Last month, Yahoo wrote off $230 million of its value. And now, it’s hinting that there’s a chance it could write off the entire goodwill value that it paid to acquire Tumblr.
According to its annual 10-K filing Monday, Yahoo wrote (bolded for emphasis):
“Given the partial impairment recorded in the Tumblr reporting unit in 2015, it is reasonably possible that changes in judgments, assumptions and estimates the Company made in assessing the fair value of goodwill could cause the Company to consider some portion or all of the remaining goodwill of the Tumblr reporting unit to become impaired.”
At the time of the acquisition, Yahoo said the goodwill portion of the deal was roughly $750 million. Goodwill is the amount paid for the company beyond what is valued on the balance sheet, including things that are hard to measure, like the company’s reputation or ideas that could bring future growth.
In other words, Yahoo spent $750 million more than the actual value of the assets owned by Tumblr to buy the company. But now it’s saying all of the $750 million could possibly go down the drain.
The company said that the impairment was a result of many things, including smaller market share, slower revenue growth and cash flow. Yahoo said during its most recent earnings call that Tumblr failed to reach its 2015 revenue target of $100 million.
One reason for the sales shortfall has to do with Yahoo’s decision to combine Tumblr’s sales team with the rest of the company. As Business Insider previously reported, the integration didn’t go too well and Yahoo is now unwinding the two sales teams.

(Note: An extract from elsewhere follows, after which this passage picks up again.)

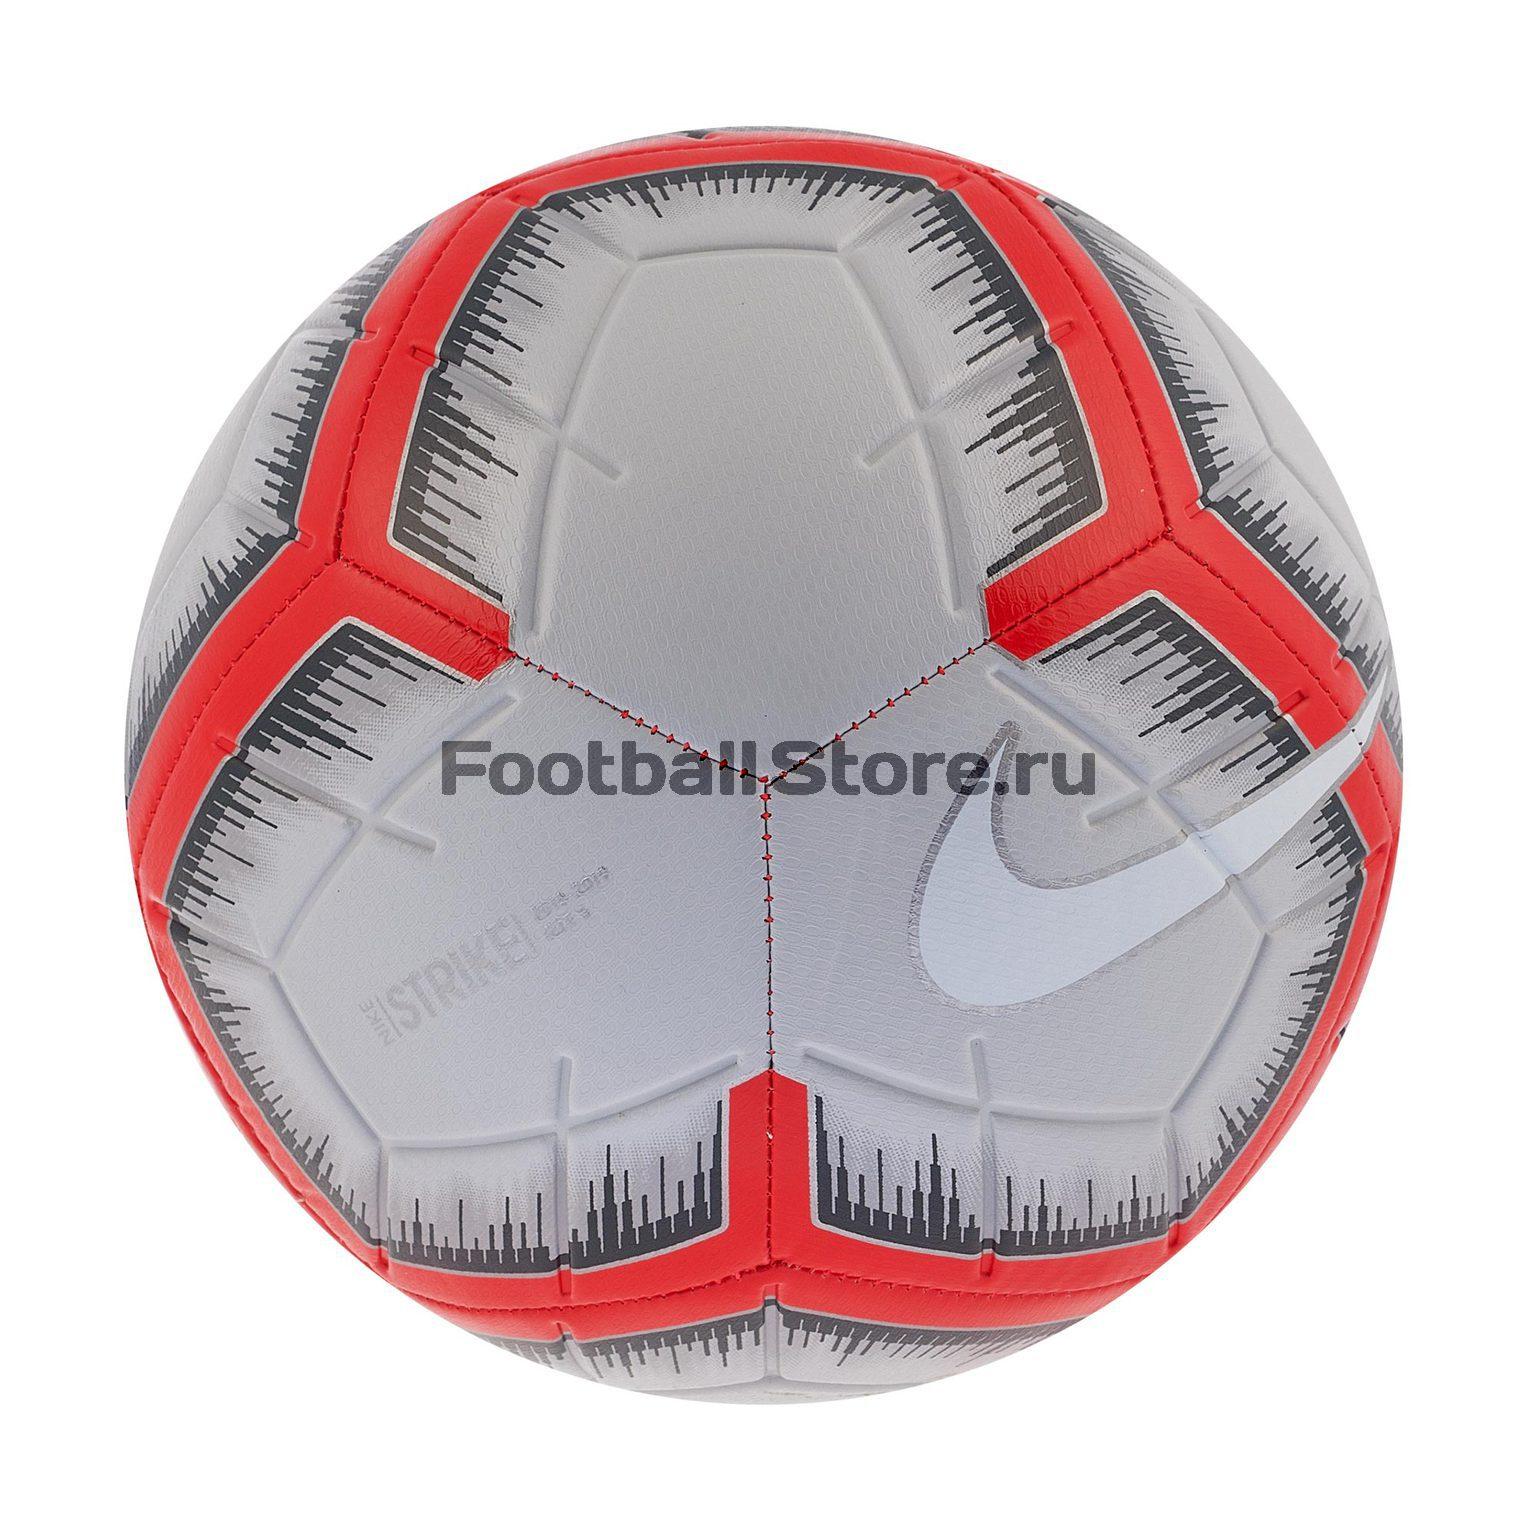 Футбольный мяч Nike Strike SC3310-043 шапки и кепки для туризма и кемпинга nike 666412 584169 410 010 688767 043 100 060
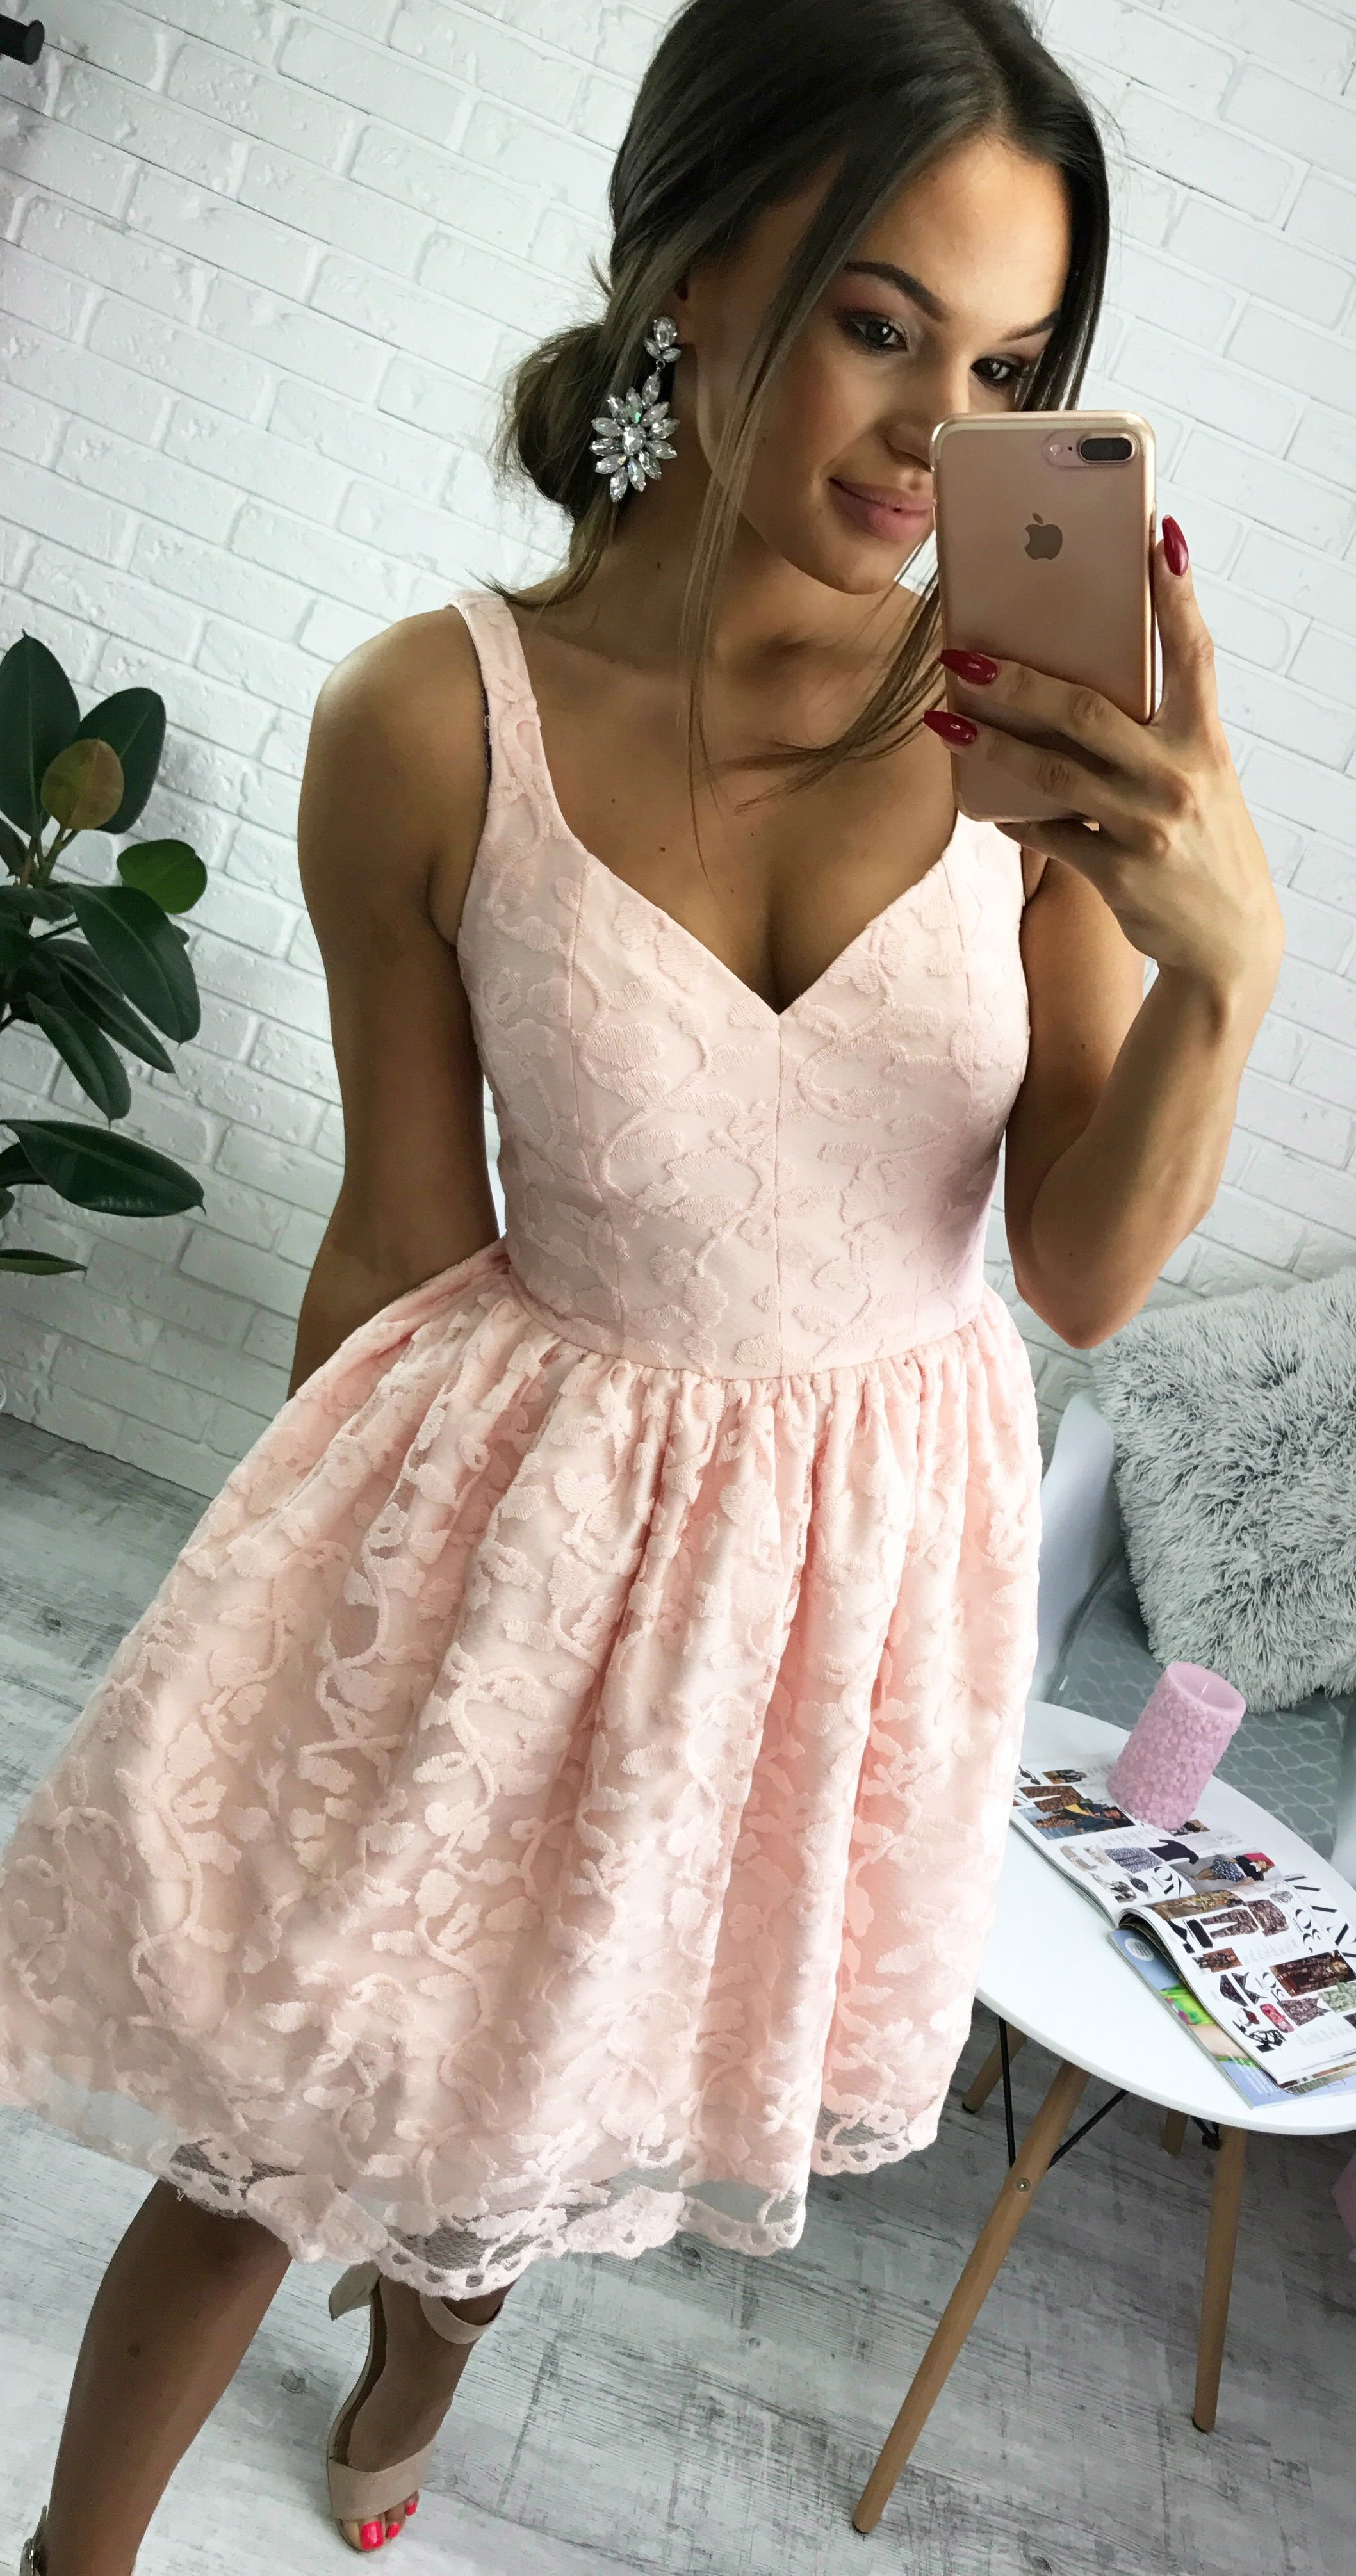 ede7c4acc4 Pudrowo- różowa sukienka Marcelline. Idealna sukienka na wesele lub  świadkowych. Pastel pink dress  promcja  sukienka  ślub   poprawiny   wyprzedaz  pink ...

That doesn’t mean Tumblr is doomed. Its revenue is still growing and Yahoo named it as one of the three major products for the company moving forward. Plus, since the deal is already paid for, write offs don’t have much impact on the company’s actual financials, meaning it will only change the book value of the assets owned by Yahoo.
But the fact that Yahoo could possibly write off the entire goodwill portion of the deal is a striking admission of failure for the biggest deal on CEO Marissa Mayer’s watch.